The air was closing around her.

“That’s it,” he said, when Arwa’s grip tightened. “Hold on tightly.”

They had moved far. Far. It felt like centuries had slipped away beneath their dreamed feet, trampled bloody and soft. Around them the world narrowed. Arwa felt strangely crushed. Every step was growing harder.

Beneath them the haze of the ground had altered.

They were standing upon sand. Pale, white sand.

“This reminds me of Irinah’s desert,” she told him. Her distant heart speeding, jaw tight. “We must be close to him. The Maha. Surely we are?”

“I think I can feel him.” She felt more than heard the trembling hope in Zahir’s voice. Around them the branches of the trees twisted, becoming sharp knifepoints that speared the ivory sky.

She felt the sand rising around her ankles. Her distant breath felt shallow, far too shallow. Her ears strangely ached, full somehow of the howl of a storm, wailing—

“I don’t think I can go farther,” she told him. “My flesh. My head—”

“I know,” he said. “The pain is—”

“Too much,” Arwa wrenched out. “My soul hurts. I did not know a soul could hurt.”

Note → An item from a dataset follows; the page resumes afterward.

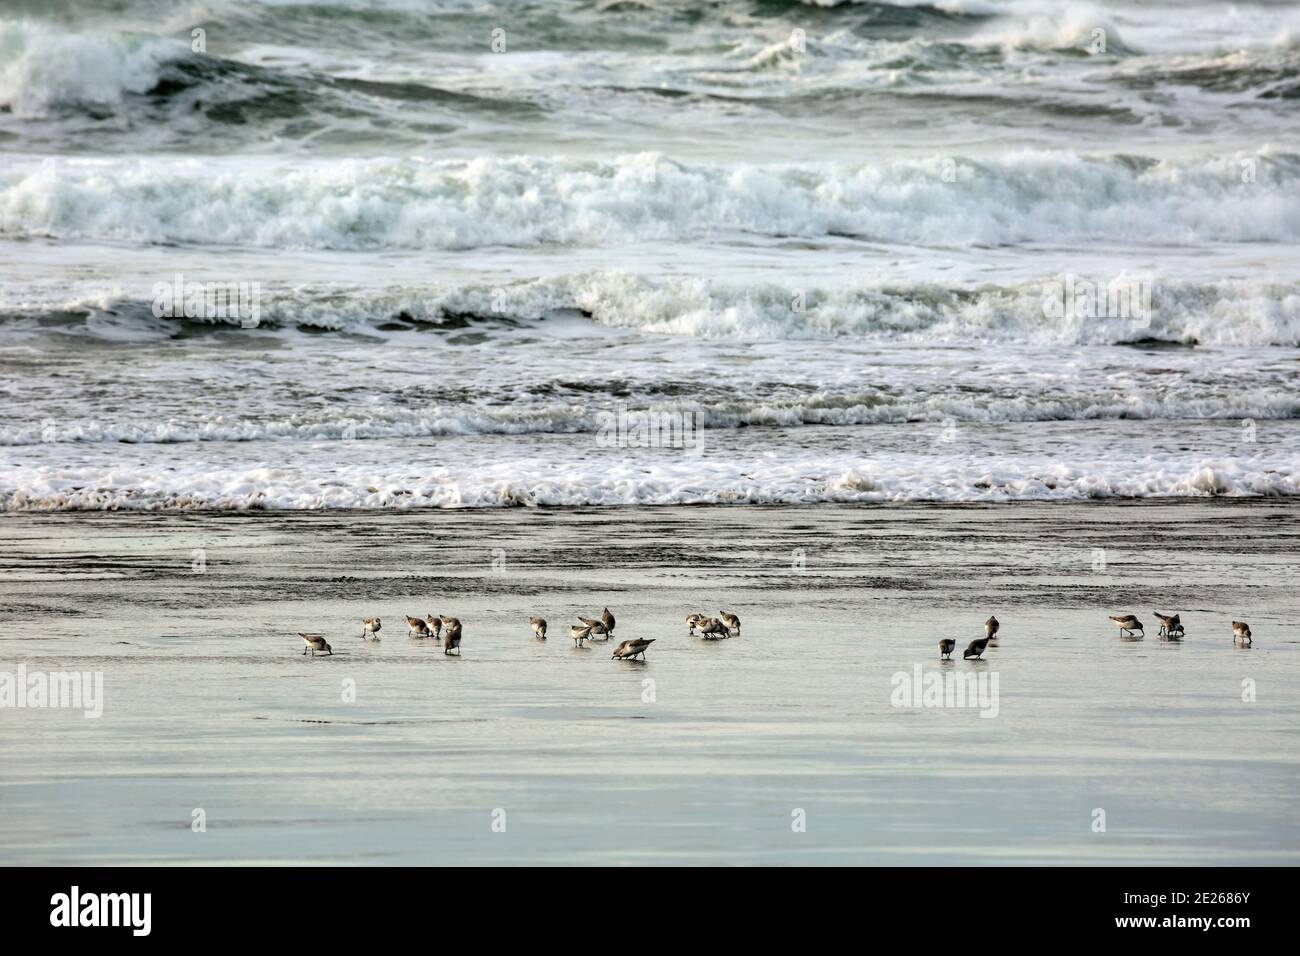 WA19088-00...WASHINGTON - Sandpipers on Benson Beach in Cape Disappointment State Park. Stock Photo

Zahir paused, silent. An unreal wind blew the sand around their feet.

“The bridge is not strong enough after all,” he said finally. “Despite your blood. We’ll have to rethink.”

He took a step back, leaning into the tug of those roots. Arwa felt the moment soul and flesh joined, like a piecing together of two halves, roots fusing her whole—

She woke. Gasping.

Her limbs ached strangely. They felt like ill-fitting clothes; they felt as if she had outgrown them. A moment, and the feeling passed. But still, she didn’t move, her face pressed to the blanket beneath her, her breath and tears damp on the cloth.

“Lady Arwa.” Zahir’s voice. “I have water.”

She took it and drank gratefully, straight from the carafe.

“How do you feel?” he asked.

“Fine.”

“I will do some study,” he said. “We cannot go farther, if the realm affects us so. Can you stand?”

“I think so.”

He stood and stepped back, allowing Arwa to rise to her own feet. She followed him then back into his library. She steadied herself with a hand on the shelf, making a show of staring at each book in turn to hide her weakness, and following the titles with the brush of her fingers, as she had seen Zahir do many times before.